A Man’s Role In A Woman’s World
“When you marry a girl, don’t expect her to abandon her girlfriends, because you’ll never be able to take their place.” ~ A man to his son
Truer words were never spoken. It’s that whole DNA thing again. A basic need that appears on an almost daily basis, to connect, to absorb, to reach out to our female counterparts – feeling completely and undeniably safe to expose whatever thoughts that happen to surface. We know we will be accepted, but that’s a given because after all, women are from Venus, aren’t we?
But in life, there must be balance. The yin to the yang, the black to the white, the leather to the lace.
So if I were to place an ad in the newspaper tonight, it would say something like this:
Wanted: Seeking Males for Friendship Only – Applications now being accepted.
I’d do it because I like men, because some are strong, some are witty. Some give that big brother feeling that women just want to embrace. But most of all, men offer something girlfriends can’t – a perspective of life from a male’s point of view. Men offer the other half of balance. These friendships are easy-going and safe and are an underrated commodity that is a shame not to pursue.
But can men and women truly be friends? It depends on who you’re talking to.
In college, I hooked up with Rob, who was my best male friend through my first year. As a couple, we went bowling, watched movies, ate Chinese food in front of the TV, and took walks on the beach – sans the emotions. It was a nice change from hanging out all the time with my three female roommates whose emotions ran to the extremes from one day to the next.
Then there was Chuck, Dave, and Dave (yes, two) who were always up for taking me and my roommates out clubbing. Again, just as friends, and if there was any sexual tension between any of us, we never let it get in the way of our friendship.
Is this the exception rather than the rule?
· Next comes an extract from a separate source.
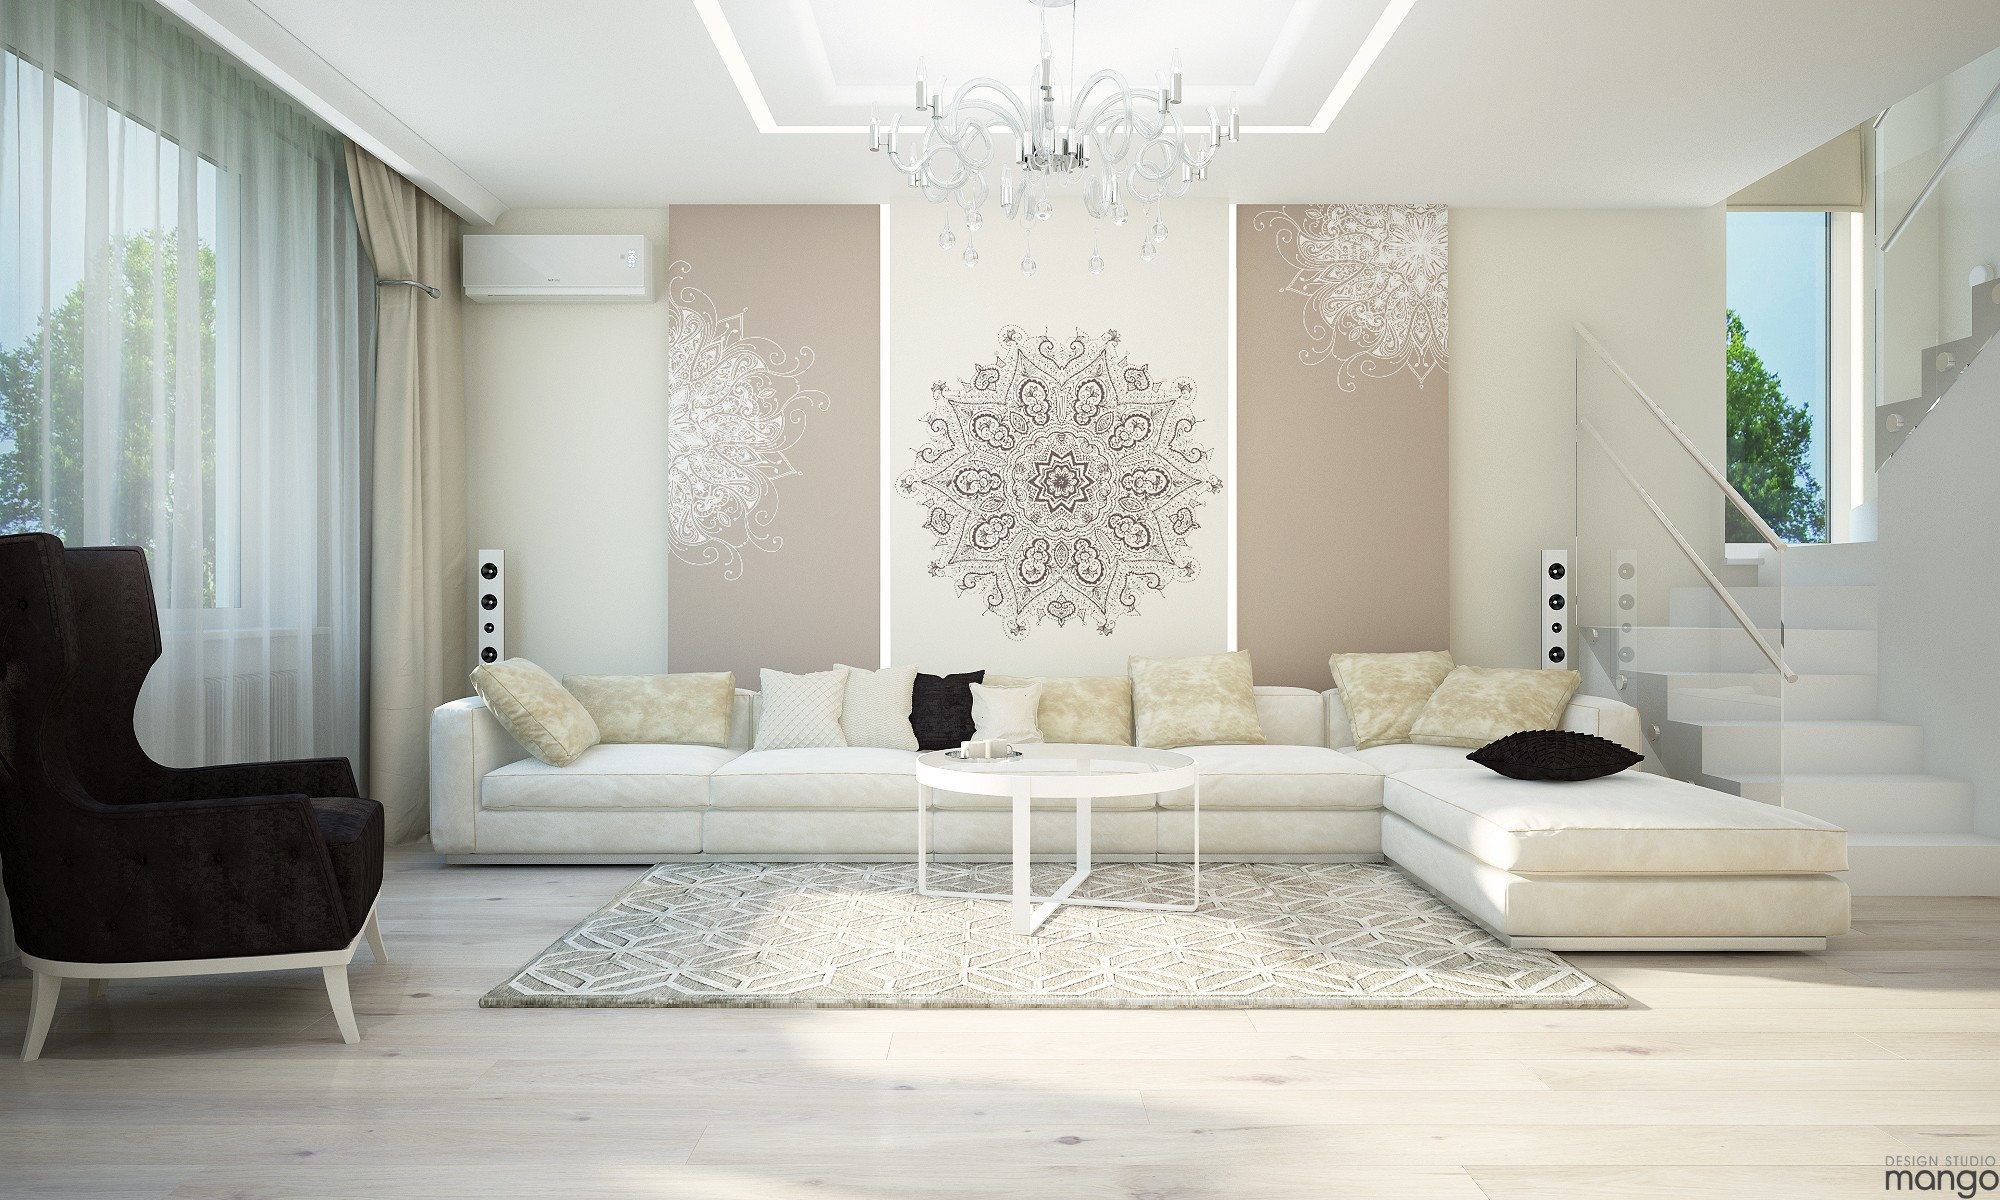 white small luxury living room "width =" 2000 "height =" 1200 "srcset =" https://mileray.com/wp-content/uploads/2020/05/1588516384_215_35-Living-Room-Designs-Completed-With-Steps-To-Arrange-Your.jpg 2000w, https: // mileray.com/wp-content/uploads/2016/09/Design-Studio-Mango6-1-300x180.jpg 300w, https://mileray.com/wp-content/uploads/2016/09/Design-Studio -Mango6 -1-768x461.jpg 768w, https://mileray.com/wp-content/uploads/2016/09/Design-Studio-Mango6-1-1024x614.jpg 1024w, https://mileray.com/wp -content / uploads / 2016/09 / Design-Studio-Mango6-1-696x418.jpg 696w, https://mileray.com/wp-content/uploads/2016/09/Design-Studio-Mango6-1-1068x641. jpg 1068w, https://mileray.com/wp-content/uploads/2016/09/Design-Studio-Mango6-1-700x420.jpg 700w "sizes =" (maximum width: 2000px) 100vw, 2000px
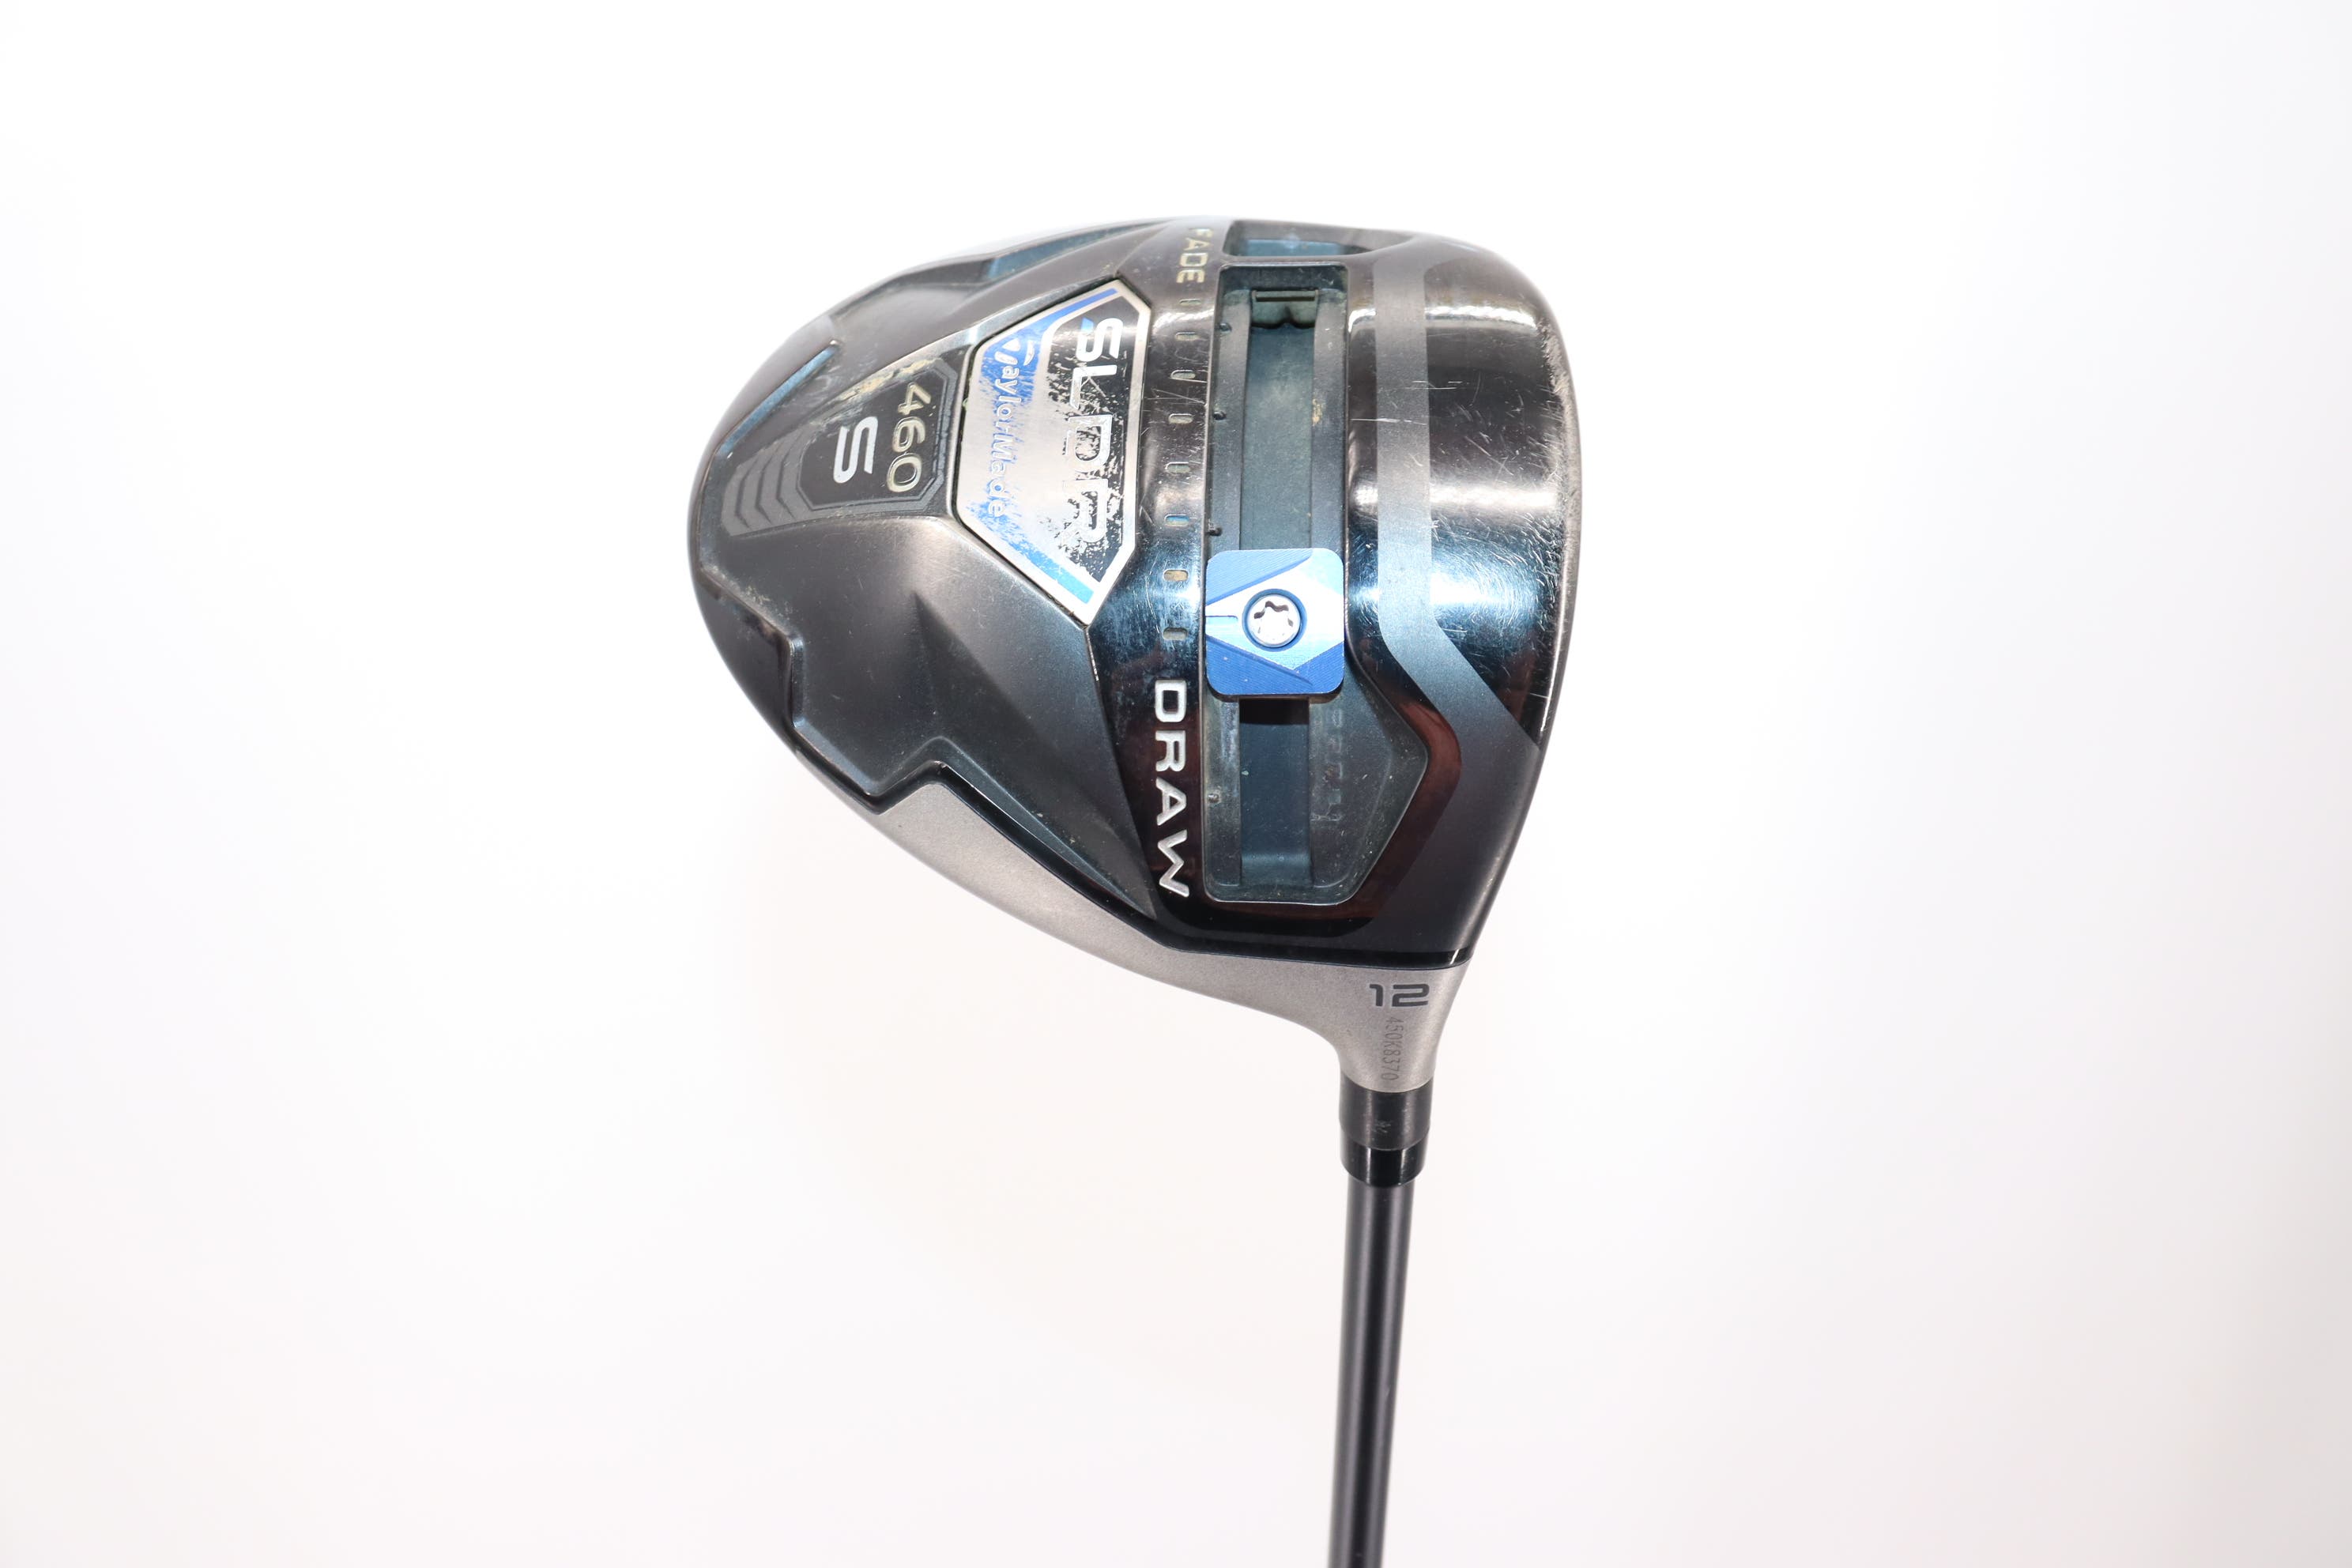 TaylorMade SLDR S Driver

What happens when there is attraction on one side? What if two people met at the wrong time in each other’s lives and a relationship beyond friends is not an option?
A friend told me once that in order for men and women to be friends, the attraction had to run its course and then, only then, could the two be friends.
And if it didn’t run its course? We could walk away, but then we literally toss out any chance of interaction with a person we were attracted to in the first place. It’s a case of cutting off our nose to spite our face, and both sides usually feel the loss.
The end result of any relationship doesn’t have to be the progression of the human race or co-habitation in order to fall into the roles society has set up.
Friendships between men and women can be….just because.
What about you? Do you think men and women can be friends? If you are married, do either of you have opposite-sex friends? If not, do you find yourself missing it? I’d love to know!